-- PROBLEM TO WORK ON --
The answer is the line with "These beautiful and" and every line after it to the end of the listing, retyped exactly. Pictures do not belong in it.

-- DATA BELOW --
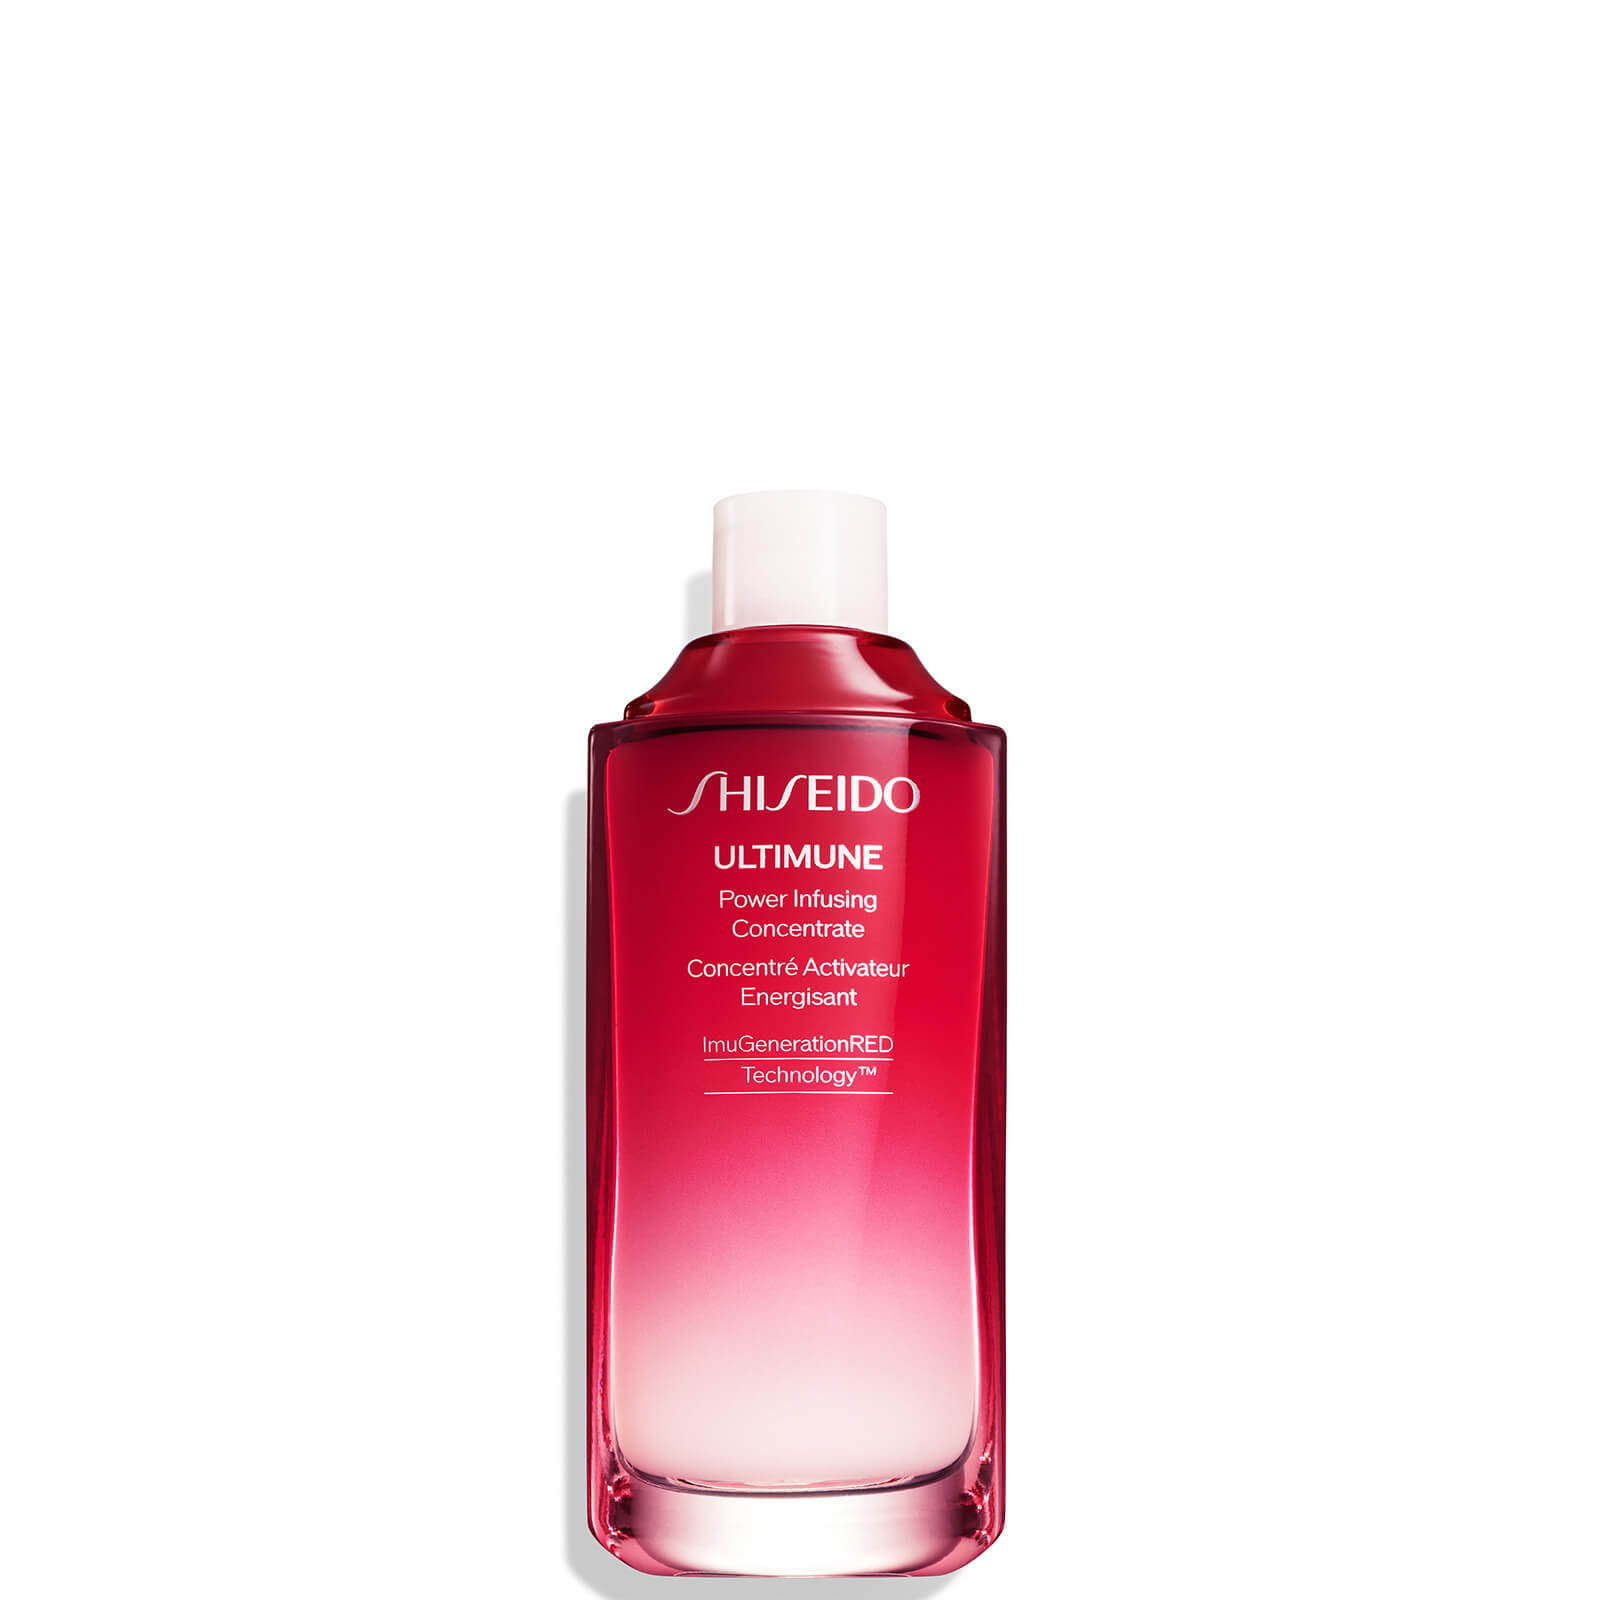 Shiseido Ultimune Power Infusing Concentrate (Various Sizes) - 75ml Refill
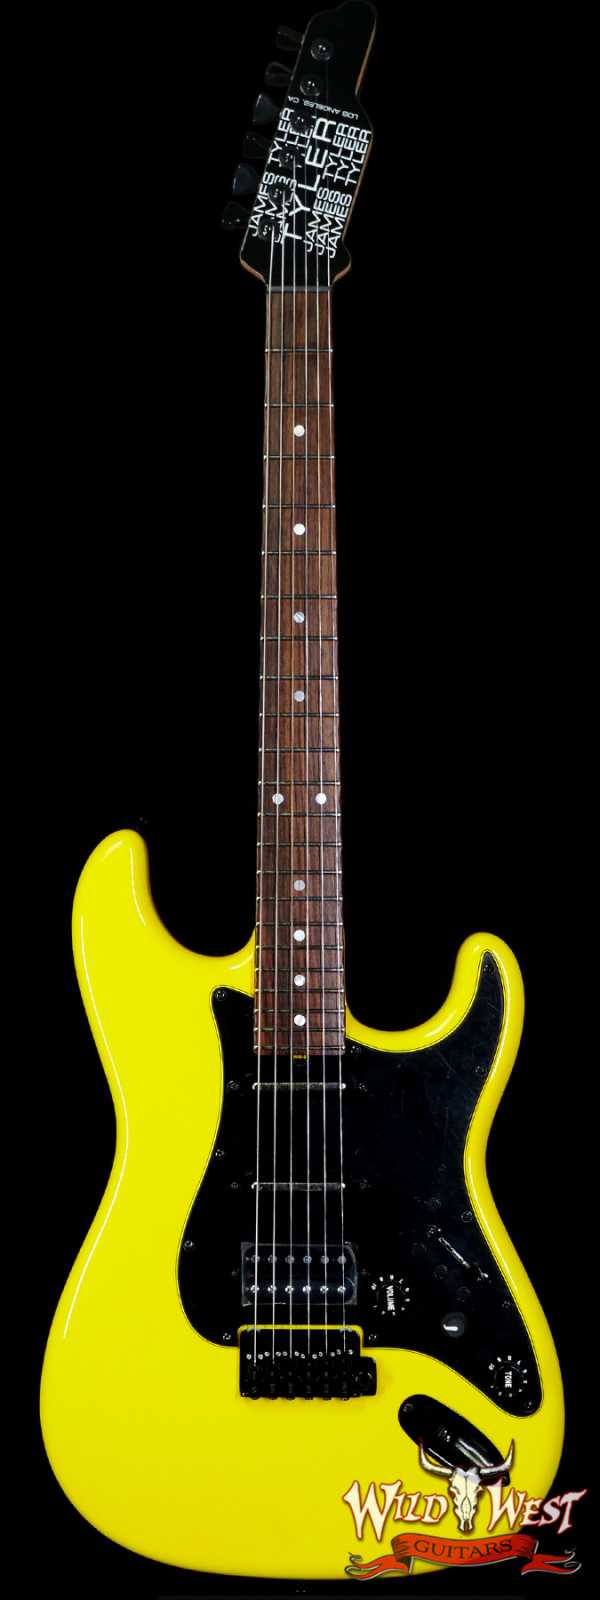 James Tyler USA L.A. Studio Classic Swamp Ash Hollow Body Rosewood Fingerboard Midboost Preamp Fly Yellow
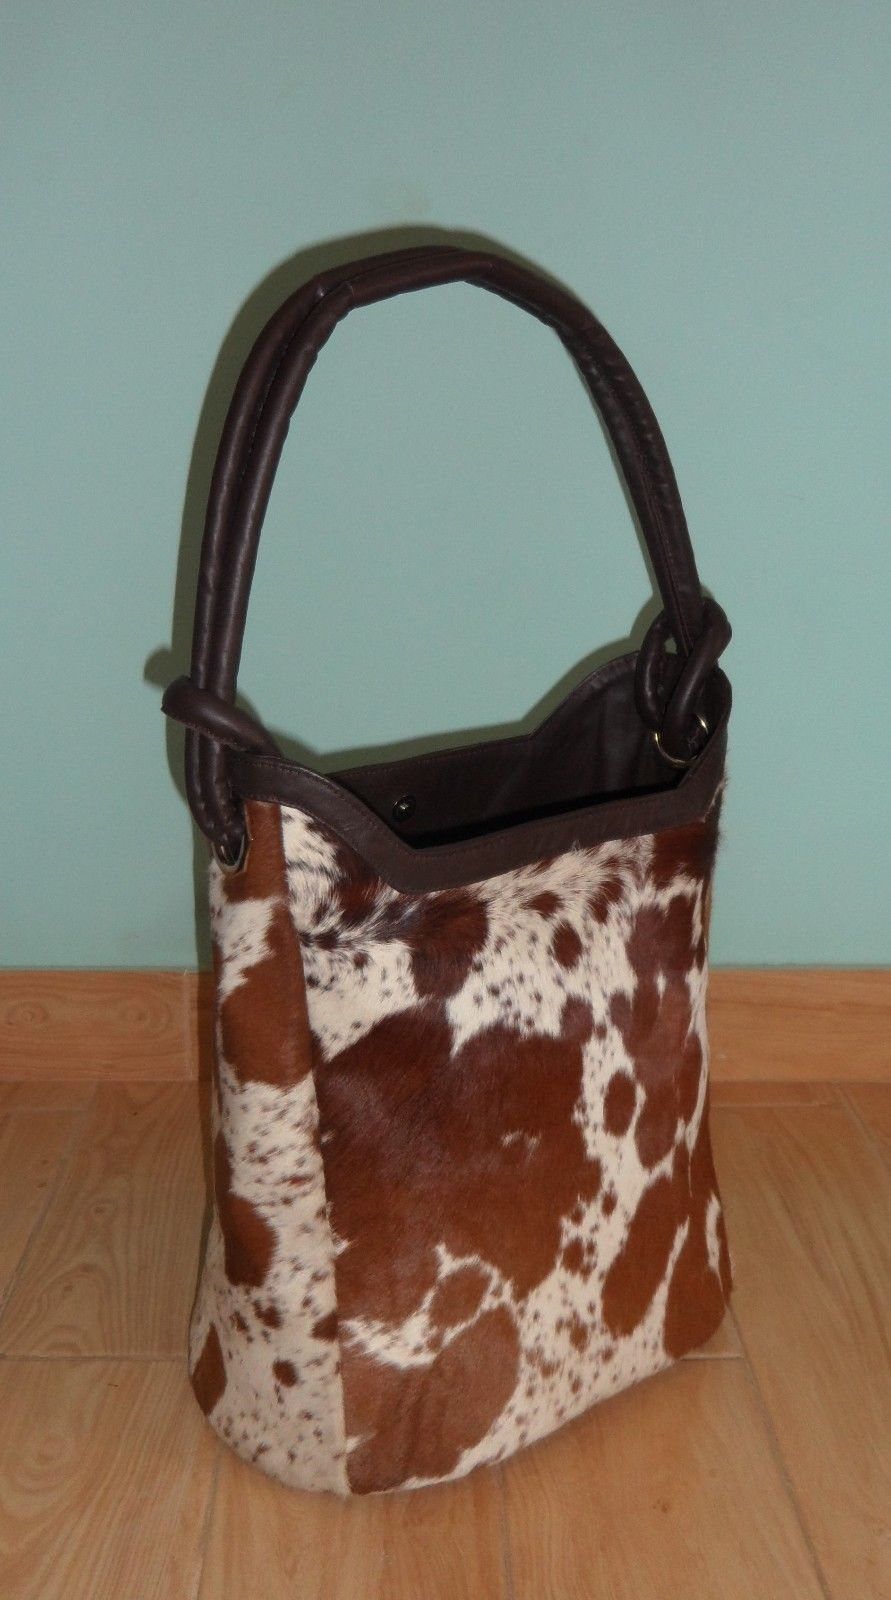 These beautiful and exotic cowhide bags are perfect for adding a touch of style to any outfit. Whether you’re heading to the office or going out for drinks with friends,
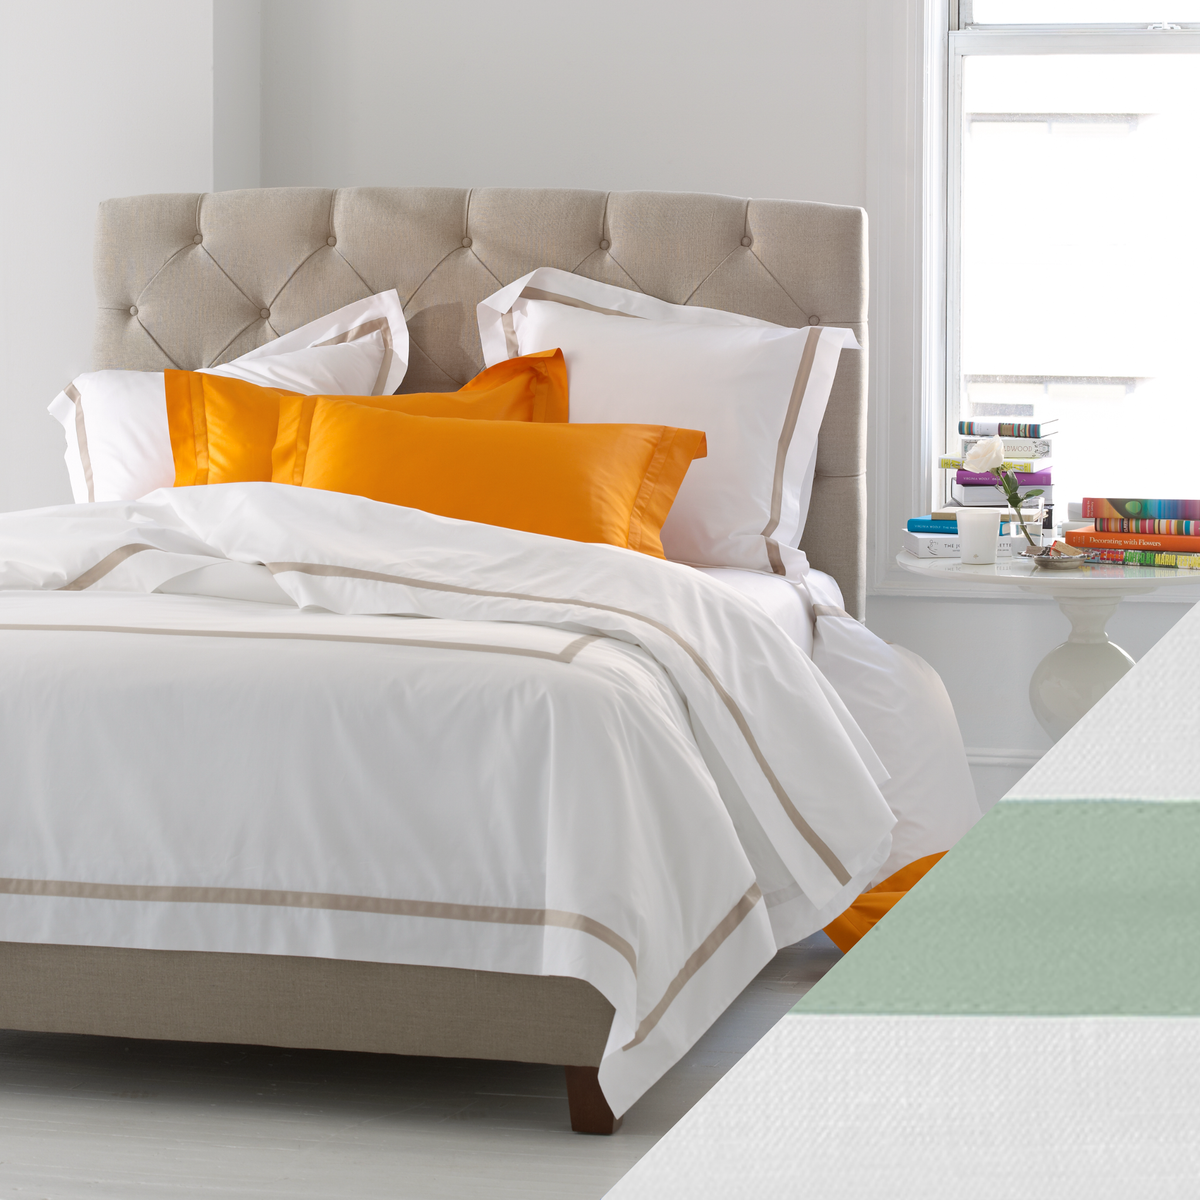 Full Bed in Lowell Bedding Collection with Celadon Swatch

-- ANSWER FOR THE TASK --
 These beautiful and exotic cowhide bags are perfect for adding a touch of style to any outfit. Whether you’re heading to the office or going out for drinks with friends,
 Full Bed in Lowell Bedding Collection with Celadon Swatch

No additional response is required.